I've had my big pilot for about 15 months or so now and in that time have not really checked for accuracy but on the other hand have never had to reset the time due to been wildly inaccurate.

The only problem i have is due to my job my watch is mostly worn at the weekeds so on sundays when i take it off the reserve is at the max and by the friday night/saturday morn is usually at the line between the 2 and 3.

On about three occasions now i've went to get it and it's been between 12 to 24 hour slow.So the only issue i have is that on a few occasions my power reserve is nowhere near 7 days.

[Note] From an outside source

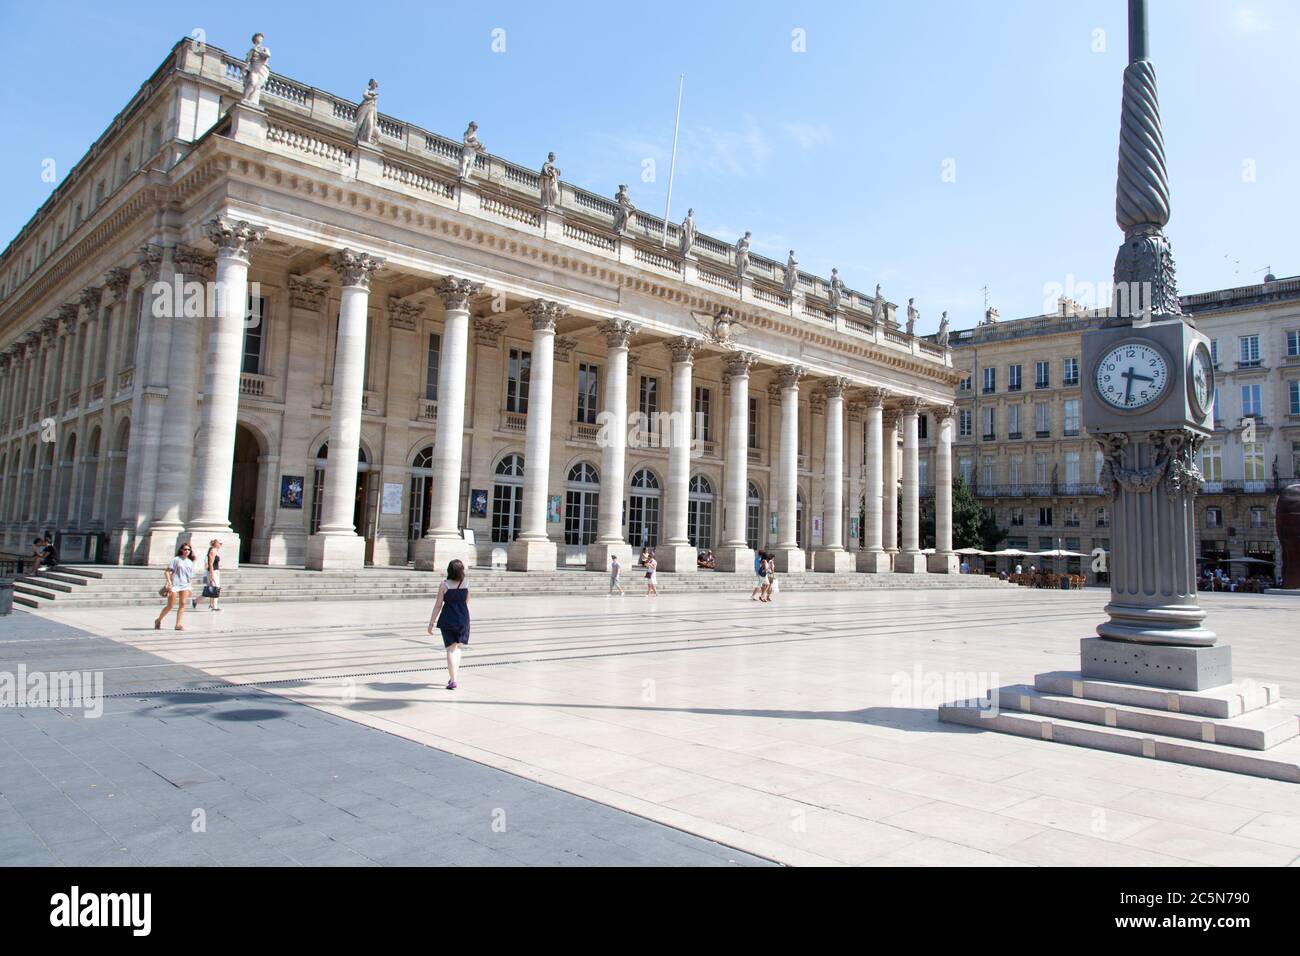 Bordeaux , Aquitaine / France - 10 30 2019 : Facade of the opera grand theatre of Bordeaux with clock city center, France Stock Photo

I forgot to mention i voted for between 0-7 seconds a day.


----------



## caprichin

My experience:

My seven days was running almost a minute fast. Is now at IWC being fixed.

I also had a Portuguese chrono, that is ETA 7750, and i returned to the one that sold me (second hand) because it runned 35 s fast at least.

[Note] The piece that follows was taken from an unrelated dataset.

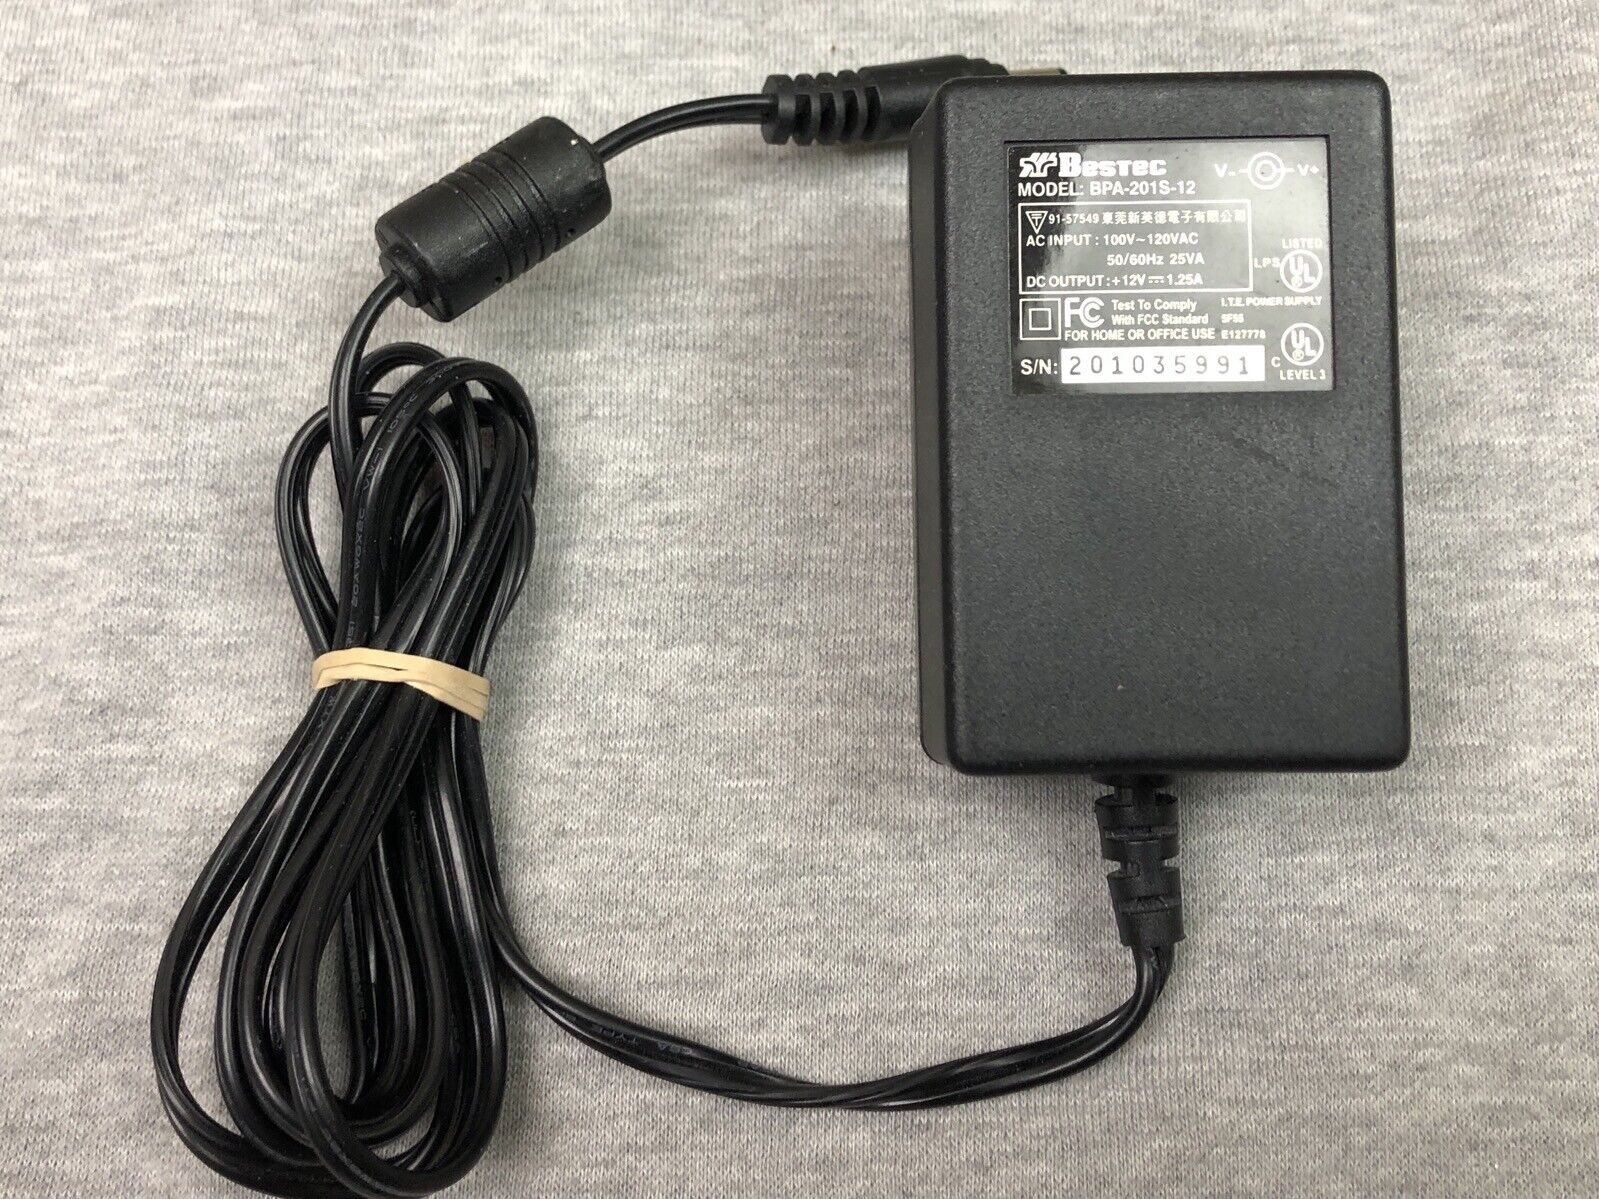 Bestec BPA-201S-12 AC Adapter Output DC 12V 1.25A Brand: Bestec Type: AC/DC Adapter UPC: Does not apply Output: D - Click Image to Close

I had an Aquatimer Custeau no chrono limited edition of 2006, and it was really accurate. i think is also an ETA.

I have an Ingenieur manufacture just time AMG, and is one of my most exact watches (of a very big collection).

Not so good results, overall. And I love the brand...


----------



## cxbxax

my 5001 42jewel is also between 7-15 sec fast.


----------



## elapsed

My 5001 is running +11 seconds a day. I gave it to my AD two months ago, who sent it to Richemont down in Texas I believe, who then had it sent to Switzerland (I believe there was also an issue with the power reserve). I expect to have it back within the month, I'm more settled now to hear that many owners have encountered similar issues.

cheers,
elapsed


----------



## forza1976

My 5004 is just under 7 seconds fast every 24 hours. I have pretty much gotten past the inaccuracy issue as I love this watch. Just nice to know it seems to be a somewhat common attribute of the 7 day movement.

Good poll OP...


----------



## WatchFan56

good info shared here, as i hope to get the 7-day Port as my first IWC in the future


----------



## PeeCeeBee

Hary said:


> My BP is still under warranty and running +15sec/day, quite annoying. I intend to bring it back to IWC to tune it for better accuracy. My friend's 5001 is running very fast too. I am not sure whether it's common problem with 7 days movement.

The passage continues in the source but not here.